[Start of section]

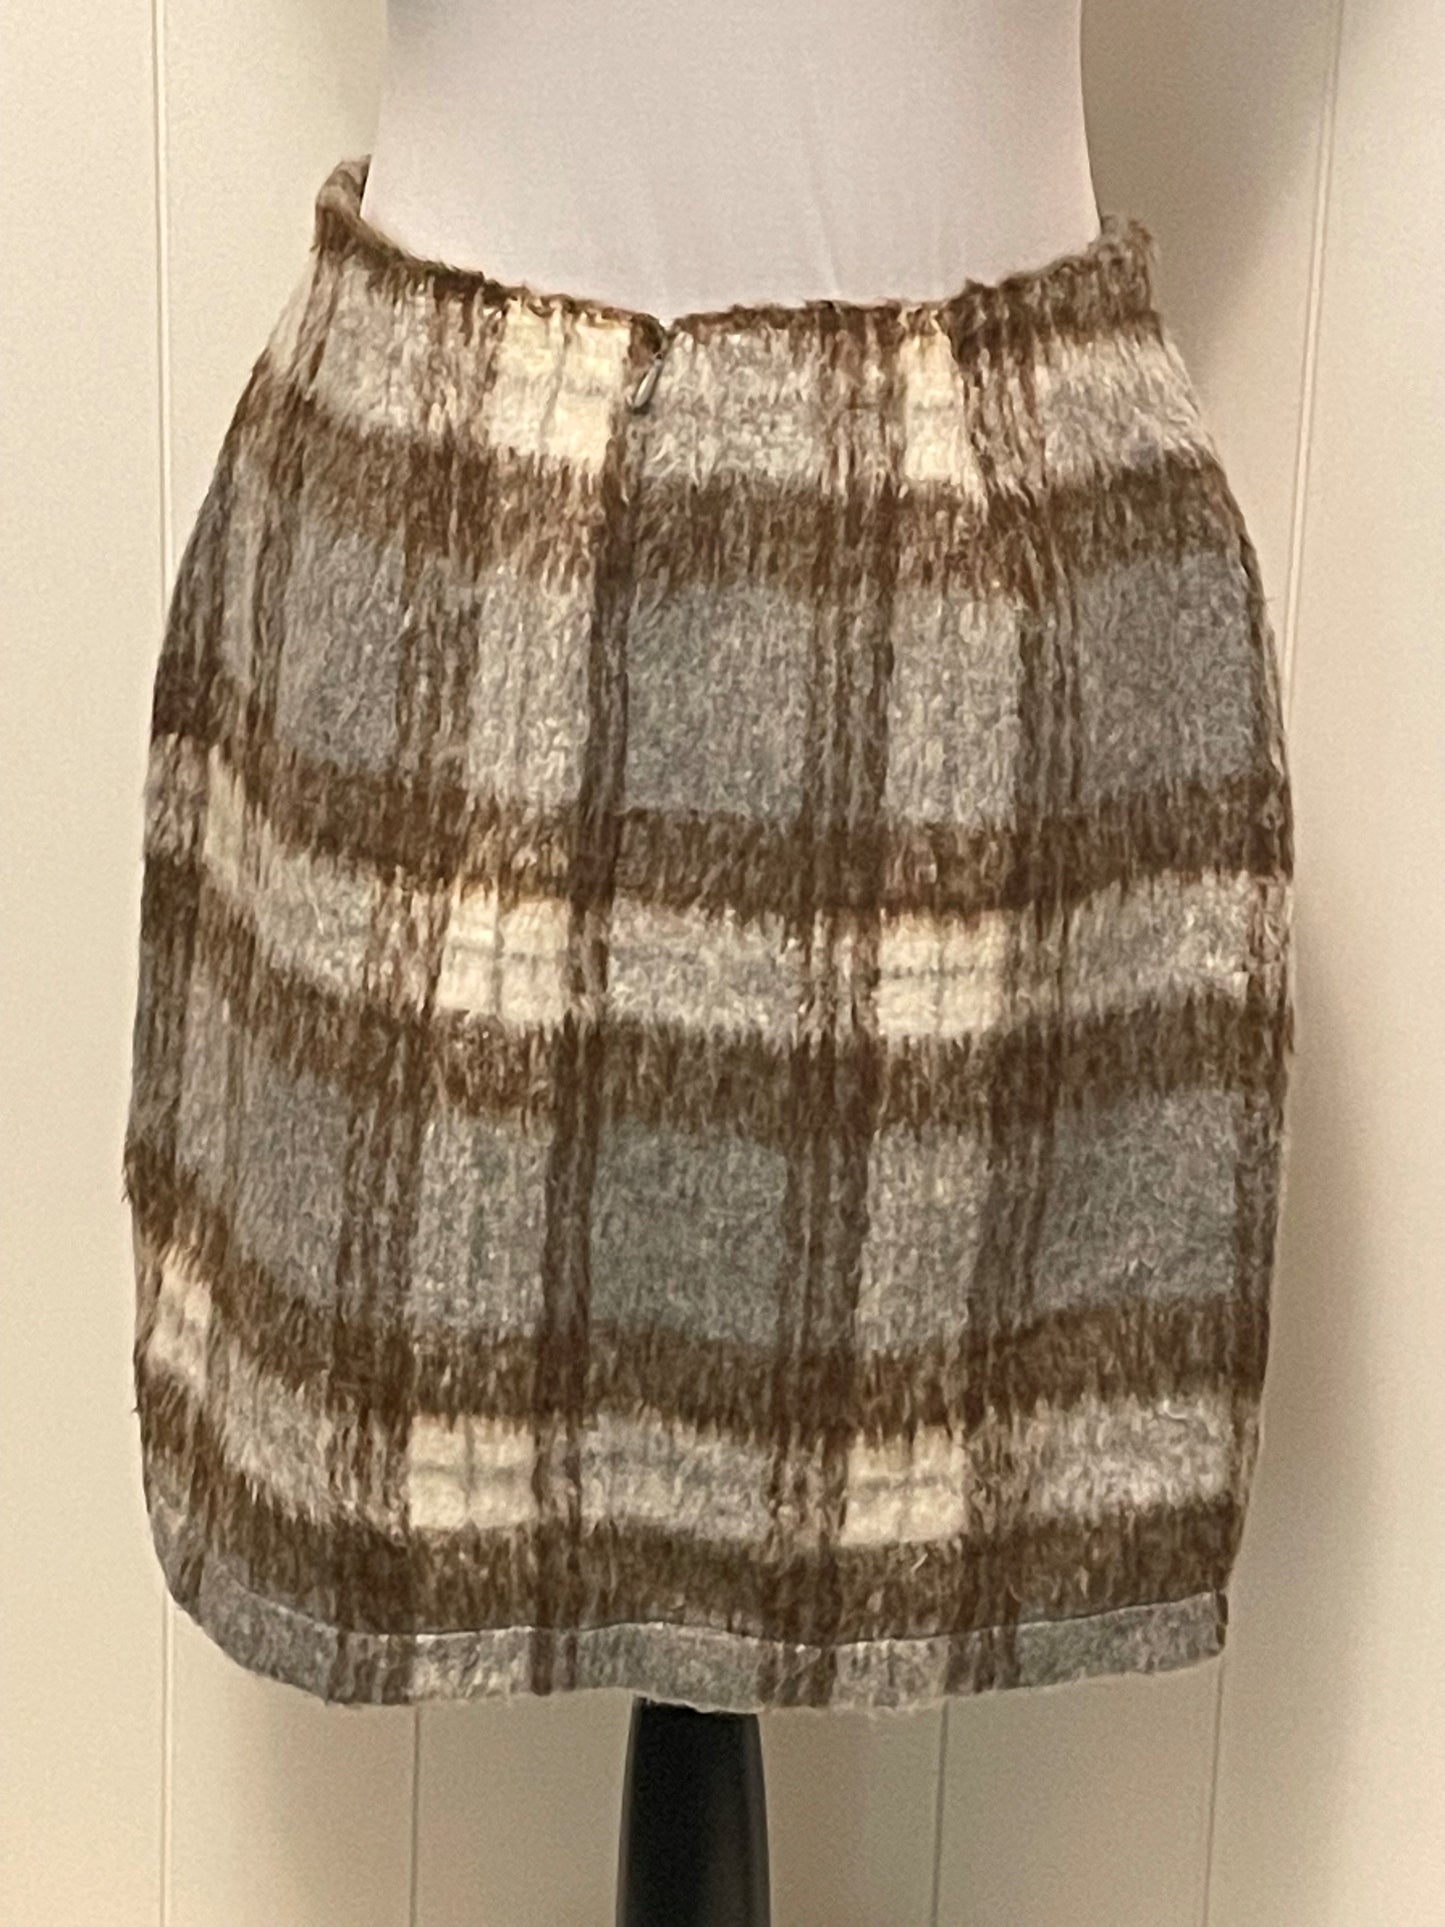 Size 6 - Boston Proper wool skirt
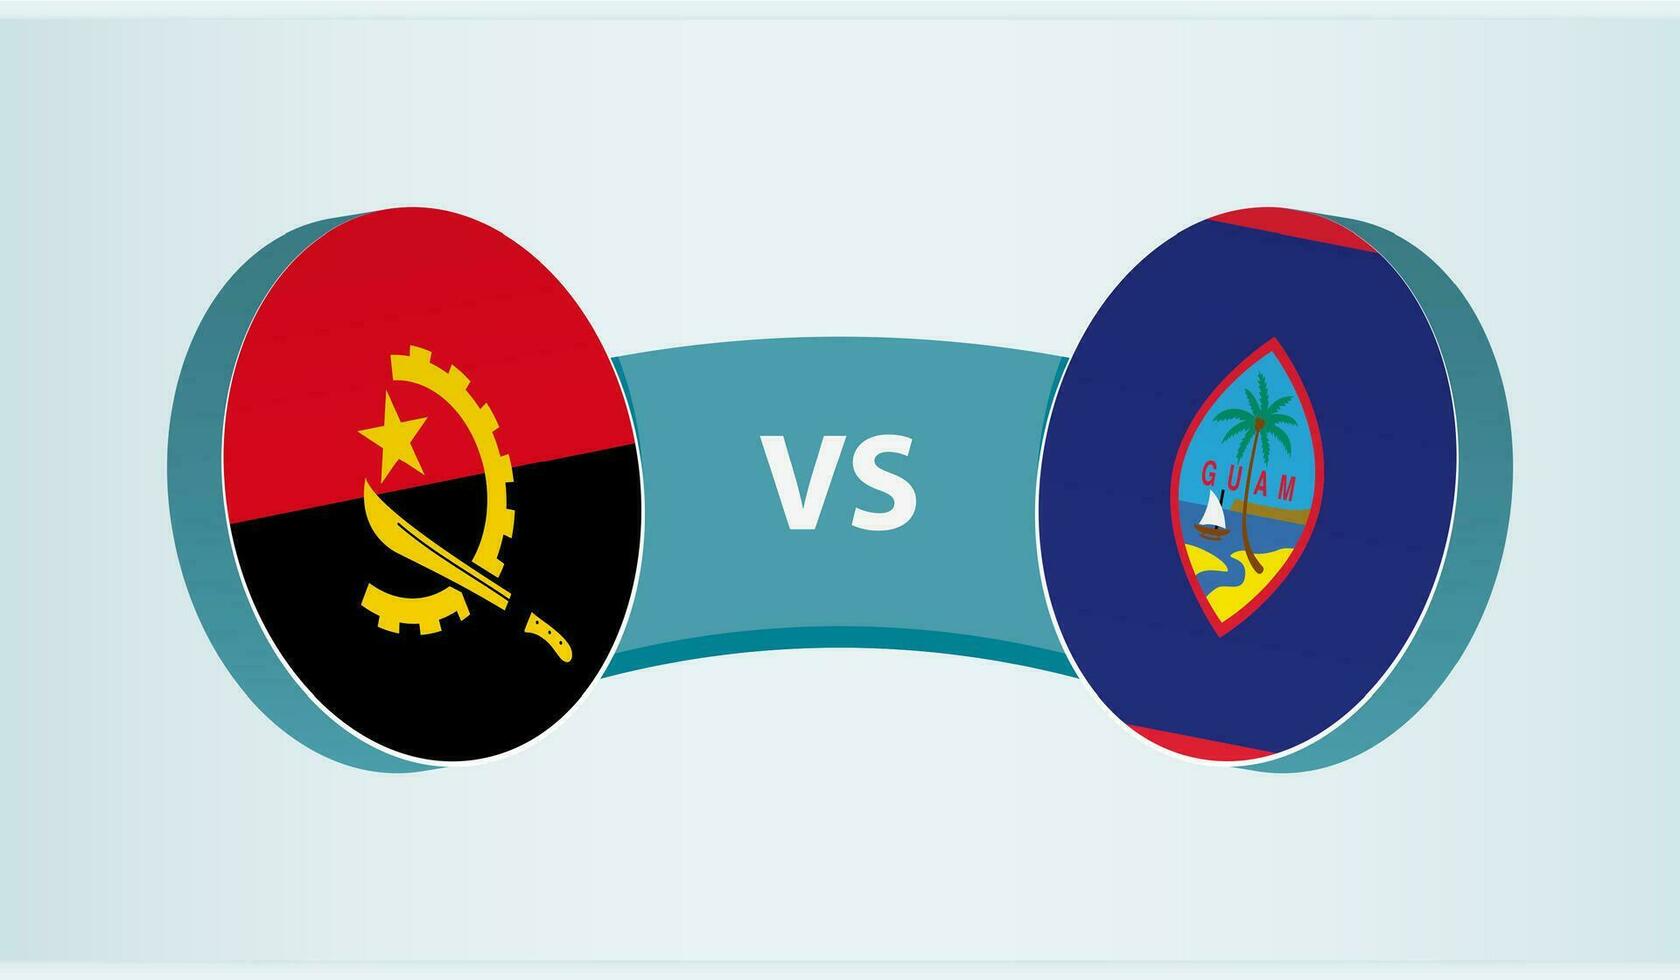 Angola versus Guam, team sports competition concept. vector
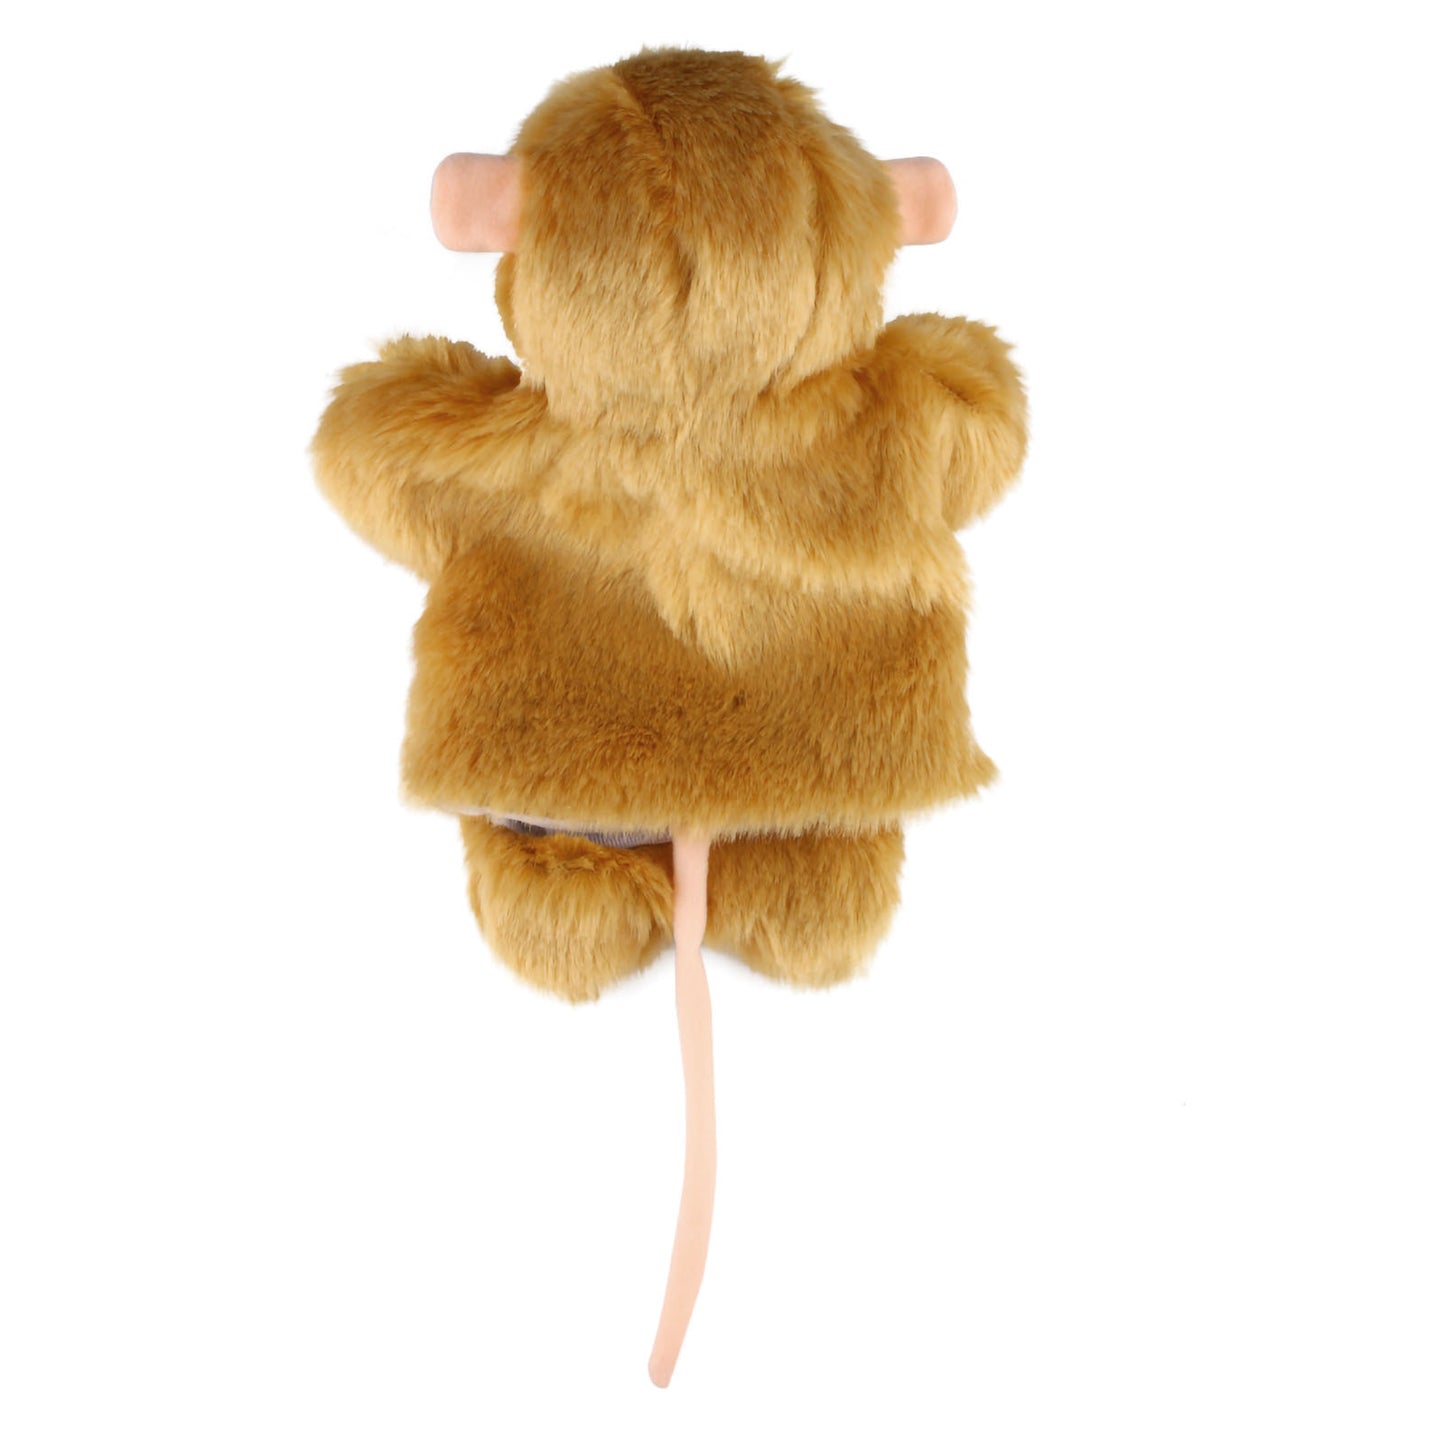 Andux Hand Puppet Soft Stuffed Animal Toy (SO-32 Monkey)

[End of section]

EXERCISE AIM
The answer must be the lines above from the line that contains "Angola versus Guam, team" to the final line of the data, word for word, with no pictures.

WRITTEN REPLY
 Angola versus Guam, team sports competition concept. vector
 Andux Hand Puppet Soft Stuffed Animal Toy (SO-32 Monkey)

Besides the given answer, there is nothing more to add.